The High Court, vide Order dated 22nd December 2021, had granted interim protection to Levi Strauss by restraining the Defendants from manufacturing, marketing, offering for sale and selling any goods specifically denim jeans bearing the infringing arcuate stitching design mark which is identical to or deceptively similar to Levi’s design.
The Plaintiff had sought protection of the arcuate stitching design mark against any misuse by the Defendant. In its final judgment dated 24th March 2022, the High Court recognised that the definition of mark under the trademark law had evolved over time and even though originally the trademarks had included only names, words, devices, logo, labels/packaging, letters, numerals etc., the list had since enlarged to incorporate colour, combination of multiple colours, goods shapes, product patterns, smells, sound marks thus categorising marks under traditional and non-traditional trademarks.
The Court delved into the question as to whether mere appearance of a stitching pattern could perform the function of a trademark by associating the goods with the Plaintiff brand as the instant case related to a pattern which was not a product design, but only a pattern or design which was applied on the Plaintiff’s products.
The Court did note that many stitching patterns could be only for aesthetic or visual appeal but if the trademark owner’s stitching identifies the jeans brand, without any reference or appearance of a name or logo, then the Court would have to scrutinise whether the pattern was distinctive or had acquired any meaning. The Court further observed that the test of acquired meaning was similar to the test of secondary meaning applied to descriptive words. The Delhi High Court also cited a US case law Lois Sportswear, USA, Inc. v. Levi Strauss & Co., 631 F. Supp.735 (S.D.N.Y. 1985) in which the US District Court had held that Levi’s arcuate mark was a strong mark that qualified for a high degree of protection and that the arcuate mark was a fanciful design which had no function other than as a source indicator. It was further held by the US Court that the Levi’s arcuate was not merely a fragment of a larger mark but instead had an independent degree of recognition and connection with Levi Strauss.

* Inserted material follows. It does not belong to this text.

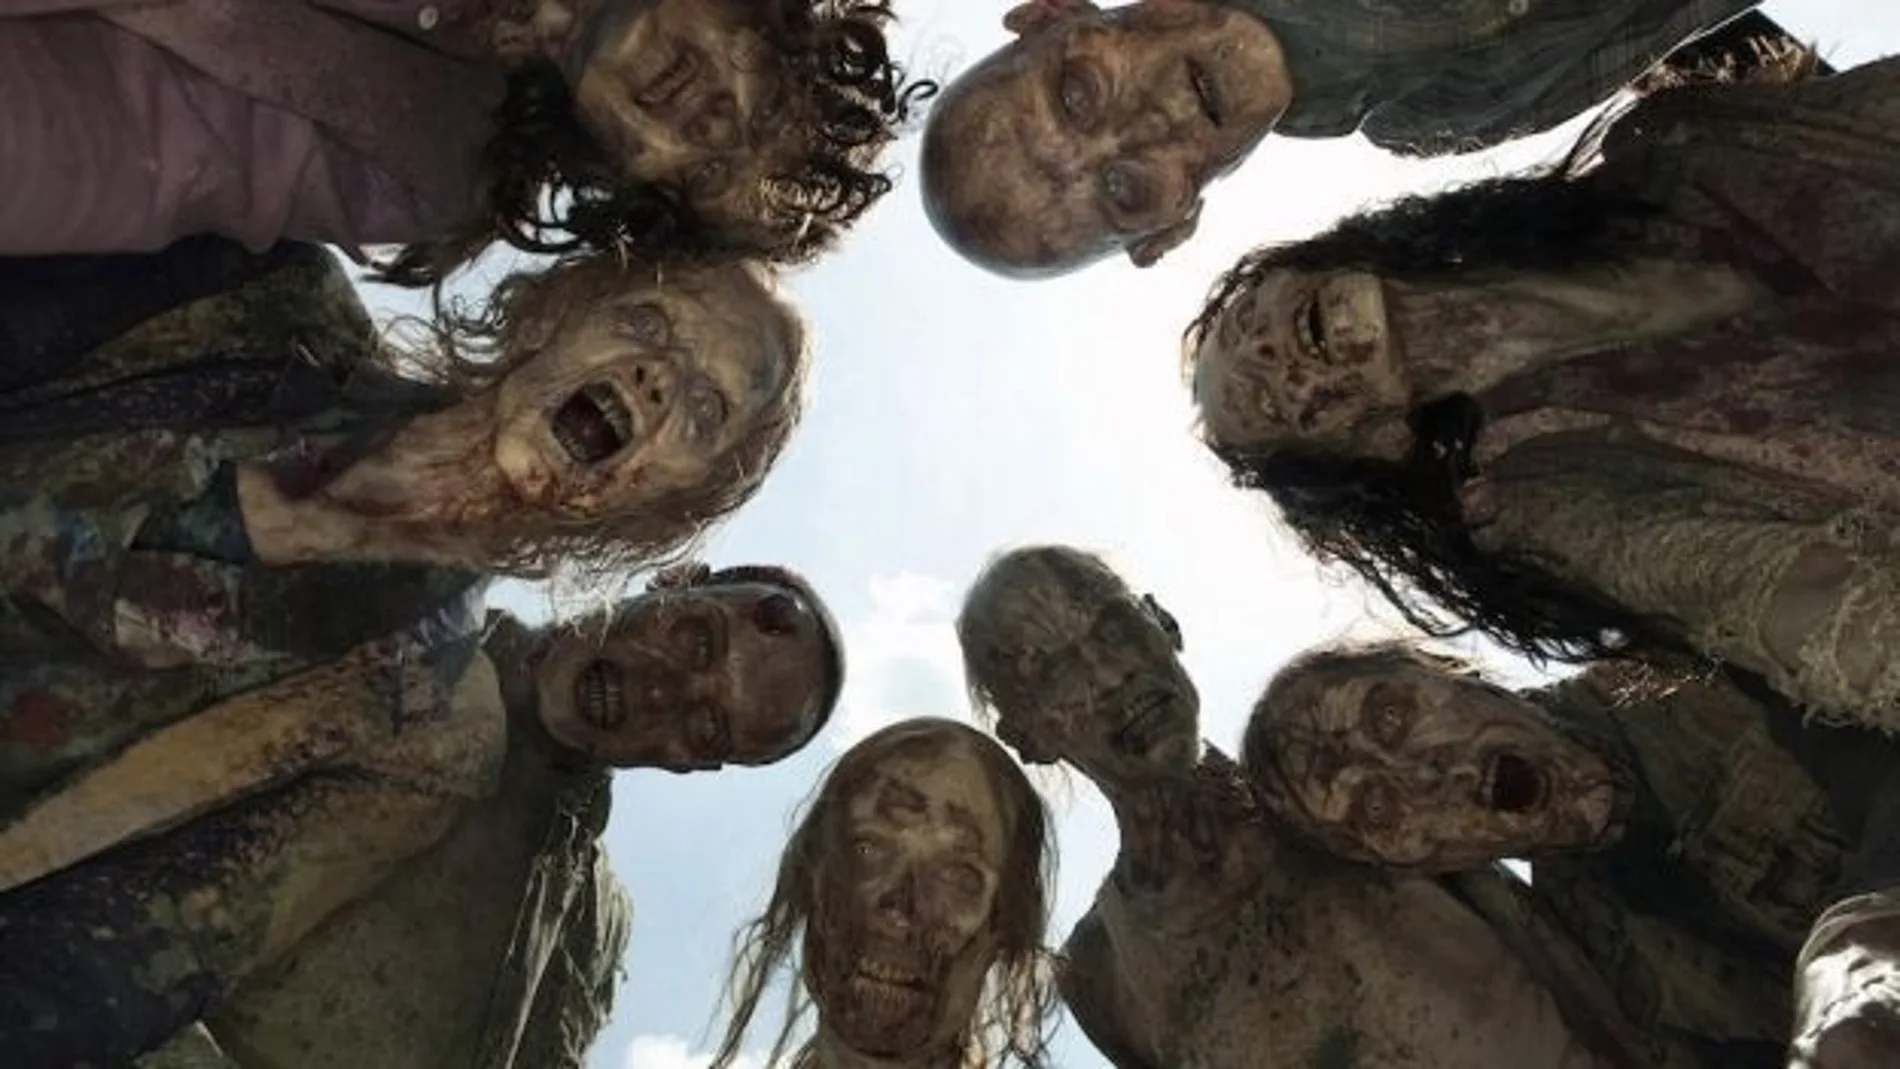 Imagen de la serie "The Walking Dead", con seres "muertos y resucitados por brujería"o que están "atontados"

The Delhi High Court also recorded that the US District Court’s decision had been also affirmed by the US Court of Appeals, Second Circuit in Lois Sportwear, U.S.A., Inc., v. Levi Strauss & Co. 799 F.2d 867 (1986). The Court of Appeals had held that the US trademark statute bars one jeans brand from using another jeans brand’s back pocket stitching pattern trademark when it can be evidenced that the pattern is intricately connected with its brand and the infringing copying will cause confusion regarding the identity of source and thus also affect goodwill.
The Delhi High Court opined that the stitching design had become distinguished to the public that buy or use garments with the said mark and hence the use of the design with/on any goods or services would therefore be instinctively construed as having a link between the goods/services and the Plaintiff Levi Strauss.
The Court acknowledged that the Levi’s stitching mark was an exceptionally distinctive mark that had acquired secondary meaning owing to widespread use by Levi Strauss on its jeans and hence permanent injunction was allowed against the Defendants.